Noujaim shot about a hundred hours of video over five months and lent the ad agency her tapes, but never got them back from managing director Maha Abouelenein. She does not buy the agency’s story that Egyptian authorities raided the office and confiscated her cassettes. Political discussions by four or more people are supposedly deemed seditious in Egypt, but Noujaim believes that someone feared an image-backfire from her behind-the-scenes work-in-progress. At first she identified with the young Westernised Arab researchers trying to straddle a perceptual gulf between America and the Middle East. Now she is turned off by her subjects in Cairo and their handlers in Washington: “I didn’t find them very inspiring any more when the president of the company stole my tapes.”

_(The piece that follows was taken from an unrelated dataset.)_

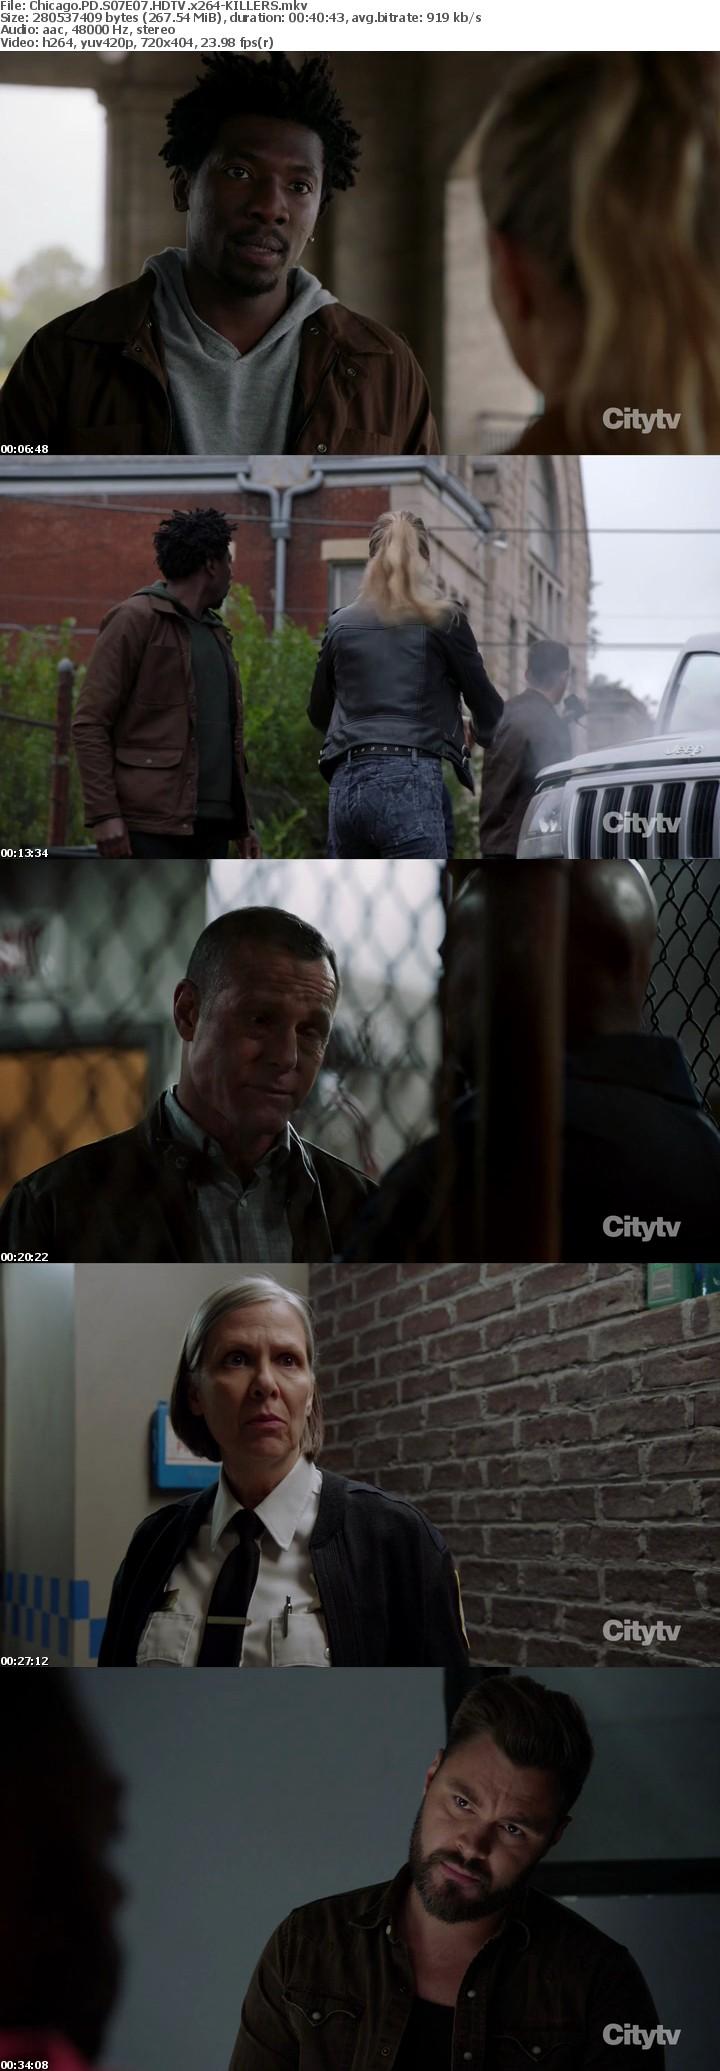 Chicago PD S07E07 HDTV x264-KILLERS

  1. Bush Says U.S. Acting to Stop Erosion of Mideast Peace Conditions, April 4, 2002”, Panoptic World website, accessed September 2004.
  2. D.A. Pennebaker, interviewed in G. Roy Levin, Documentary Explorations: 15 Interviews with Film-Makers, Doubleday, New York, 1971.
  3. All Noujaim quotes from interview with the author.
  4. Patricia R. Zimmermann, States of Emergency: Documentaries, Wars, Democracies, 2000.
  5. Cpl. Paula M. Fitzgerald, “Marines Prepare to Distribute Gear for Unbiased Iraqi Media”, May 16, 2004, accessed September 2004.

About The Author

Bill Stamets is a freelance film reviewer for the Chicago Sun-Times and Chicago Reader. He is also a freelance photographer, and part-time instructor at Columbia College Chicago.